**ABOUT THIS EXERCISE:** Look in the material below for the line with "Schlafly Beer STL Engagement Photos" and the line with "Sun setting behind", then set down exactly those two lines and all lines between, nothing more.

[DATA TO PROCESS]

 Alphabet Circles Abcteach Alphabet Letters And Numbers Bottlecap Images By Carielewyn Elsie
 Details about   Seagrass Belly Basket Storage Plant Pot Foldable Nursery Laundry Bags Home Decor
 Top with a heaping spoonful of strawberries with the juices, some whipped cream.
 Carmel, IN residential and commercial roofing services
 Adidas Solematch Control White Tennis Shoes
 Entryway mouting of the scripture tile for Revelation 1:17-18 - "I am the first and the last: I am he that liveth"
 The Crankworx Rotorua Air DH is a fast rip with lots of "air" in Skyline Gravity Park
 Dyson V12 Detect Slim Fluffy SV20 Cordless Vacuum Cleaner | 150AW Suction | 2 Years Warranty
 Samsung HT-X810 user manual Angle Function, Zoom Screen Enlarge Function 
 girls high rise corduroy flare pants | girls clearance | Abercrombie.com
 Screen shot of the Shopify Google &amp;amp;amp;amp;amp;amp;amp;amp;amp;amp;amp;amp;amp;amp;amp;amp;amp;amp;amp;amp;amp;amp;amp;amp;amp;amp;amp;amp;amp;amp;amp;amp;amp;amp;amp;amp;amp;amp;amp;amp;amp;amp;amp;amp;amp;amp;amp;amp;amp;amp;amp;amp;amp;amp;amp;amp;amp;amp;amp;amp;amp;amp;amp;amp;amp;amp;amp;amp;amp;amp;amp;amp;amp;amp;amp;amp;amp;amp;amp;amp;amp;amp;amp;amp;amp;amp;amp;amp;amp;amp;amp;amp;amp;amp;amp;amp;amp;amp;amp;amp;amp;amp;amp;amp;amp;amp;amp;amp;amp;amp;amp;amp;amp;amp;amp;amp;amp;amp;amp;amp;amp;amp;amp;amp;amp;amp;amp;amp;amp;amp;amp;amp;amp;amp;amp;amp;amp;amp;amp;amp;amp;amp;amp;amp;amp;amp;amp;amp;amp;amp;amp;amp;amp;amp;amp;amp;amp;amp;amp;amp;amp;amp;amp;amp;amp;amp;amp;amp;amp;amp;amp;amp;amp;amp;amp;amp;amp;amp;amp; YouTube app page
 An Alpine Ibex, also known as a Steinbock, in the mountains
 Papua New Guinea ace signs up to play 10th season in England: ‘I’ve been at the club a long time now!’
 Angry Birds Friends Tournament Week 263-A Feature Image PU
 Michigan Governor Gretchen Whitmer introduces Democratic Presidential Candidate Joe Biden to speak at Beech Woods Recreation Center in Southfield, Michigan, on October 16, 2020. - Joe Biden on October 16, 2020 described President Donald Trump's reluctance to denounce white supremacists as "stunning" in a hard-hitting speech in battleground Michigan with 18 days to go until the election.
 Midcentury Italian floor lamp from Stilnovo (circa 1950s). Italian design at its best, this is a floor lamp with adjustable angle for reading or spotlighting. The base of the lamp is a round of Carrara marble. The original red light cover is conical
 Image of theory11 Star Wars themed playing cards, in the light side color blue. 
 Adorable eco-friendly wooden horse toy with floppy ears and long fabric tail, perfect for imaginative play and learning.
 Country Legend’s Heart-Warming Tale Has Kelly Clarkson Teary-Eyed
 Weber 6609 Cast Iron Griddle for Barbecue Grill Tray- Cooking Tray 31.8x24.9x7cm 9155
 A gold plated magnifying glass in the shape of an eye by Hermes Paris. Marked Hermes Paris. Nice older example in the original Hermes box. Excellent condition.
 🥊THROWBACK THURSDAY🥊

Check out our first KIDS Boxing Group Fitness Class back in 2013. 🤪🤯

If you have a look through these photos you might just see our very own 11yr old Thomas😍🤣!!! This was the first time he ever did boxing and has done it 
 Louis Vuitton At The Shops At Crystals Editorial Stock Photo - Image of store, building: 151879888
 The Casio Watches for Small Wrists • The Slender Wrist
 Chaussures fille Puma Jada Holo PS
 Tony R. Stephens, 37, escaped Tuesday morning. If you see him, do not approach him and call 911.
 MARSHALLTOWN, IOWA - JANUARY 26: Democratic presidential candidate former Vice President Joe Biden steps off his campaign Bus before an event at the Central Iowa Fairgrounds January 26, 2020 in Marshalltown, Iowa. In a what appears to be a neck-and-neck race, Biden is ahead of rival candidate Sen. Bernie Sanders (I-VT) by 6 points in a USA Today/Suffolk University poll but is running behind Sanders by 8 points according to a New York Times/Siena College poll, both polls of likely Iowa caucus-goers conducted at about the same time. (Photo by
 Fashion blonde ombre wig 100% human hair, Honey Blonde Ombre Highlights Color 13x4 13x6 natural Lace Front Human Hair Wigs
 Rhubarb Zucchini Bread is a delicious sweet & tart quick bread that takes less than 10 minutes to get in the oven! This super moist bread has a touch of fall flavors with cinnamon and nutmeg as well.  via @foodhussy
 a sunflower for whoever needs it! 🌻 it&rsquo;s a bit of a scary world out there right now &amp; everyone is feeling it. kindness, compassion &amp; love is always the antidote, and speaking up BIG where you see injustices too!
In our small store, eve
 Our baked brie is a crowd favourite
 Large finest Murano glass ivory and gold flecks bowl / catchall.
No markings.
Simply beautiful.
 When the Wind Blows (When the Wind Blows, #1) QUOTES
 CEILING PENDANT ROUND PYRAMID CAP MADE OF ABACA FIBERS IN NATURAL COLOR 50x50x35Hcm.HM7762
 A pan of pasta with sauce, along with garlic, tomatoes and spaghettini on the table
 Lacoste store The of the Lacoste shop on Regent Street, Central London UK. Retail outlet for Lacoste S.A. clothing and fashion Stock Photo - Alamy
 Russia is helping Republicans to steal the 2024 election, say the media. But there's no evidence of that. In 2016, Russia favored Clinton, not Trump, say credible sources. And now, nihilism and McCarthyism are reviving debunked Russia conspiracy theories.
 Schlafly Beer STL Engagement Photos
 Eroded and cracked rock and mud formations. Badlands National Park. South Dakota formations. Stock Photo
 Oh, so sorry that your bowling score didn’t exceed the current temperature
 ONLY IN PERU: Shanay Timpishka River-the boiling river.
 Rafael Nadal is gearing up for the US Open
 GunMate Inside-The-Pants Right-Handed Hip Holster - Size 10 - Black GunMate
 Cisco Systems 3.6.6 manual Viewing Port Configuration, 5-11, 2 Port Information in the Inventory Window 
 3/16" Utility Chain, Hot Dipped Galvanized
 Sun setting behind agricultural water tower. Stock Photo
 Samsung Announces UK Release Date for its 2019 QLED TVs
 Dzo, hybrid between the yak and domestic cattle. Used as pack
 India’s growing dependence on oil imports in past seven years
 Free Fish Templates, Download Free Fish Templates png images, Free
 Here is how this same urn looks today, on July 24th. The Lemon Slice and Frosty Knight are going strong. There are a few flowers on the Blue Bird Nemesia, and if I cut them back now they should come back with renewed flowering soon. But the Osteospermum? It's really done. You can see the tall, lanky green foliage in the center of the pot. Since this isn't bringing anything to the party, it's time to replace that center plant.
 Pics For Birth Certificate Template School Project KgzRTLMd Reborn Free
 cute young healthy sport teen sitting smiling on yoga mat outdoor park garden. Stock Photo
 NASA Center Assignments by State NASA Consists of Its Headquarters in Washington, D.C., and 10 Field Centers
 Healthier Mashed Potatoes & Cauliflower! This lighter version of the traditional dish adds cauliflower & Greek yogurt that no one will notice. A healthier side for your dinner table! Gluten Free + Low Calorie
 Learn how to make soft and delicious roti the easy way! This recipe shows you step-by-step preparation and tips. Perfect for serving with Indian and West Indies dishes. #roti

[/DATA TO PROCESS]

**SOLUTION:**
 Schlafly Beer STL Engagement Photos
 Eroded and cracked rock and mud formations. Badlands National Park. South Dakota formations. Stock Photo
 Oh, so sorry that your bowling score didn’t exceed the current temperature
 ONLY IN PERU: Shanay Timpishka River-the boiling river.
 Rafael Nadal is gearing up for the US Open
 GunMate Inside-The-Pants Right-Handed Hip Holster - Size 10 - Black GunMate
 Cisco Systems 3.6.6 manual Viewing Port Configuration, 5-11, 2 Port Information in the Inventory Window 
 3/16" Utility Chain, Hot Dipped Galvanized
 Sun setting behind agricultural water tower. Stock Photo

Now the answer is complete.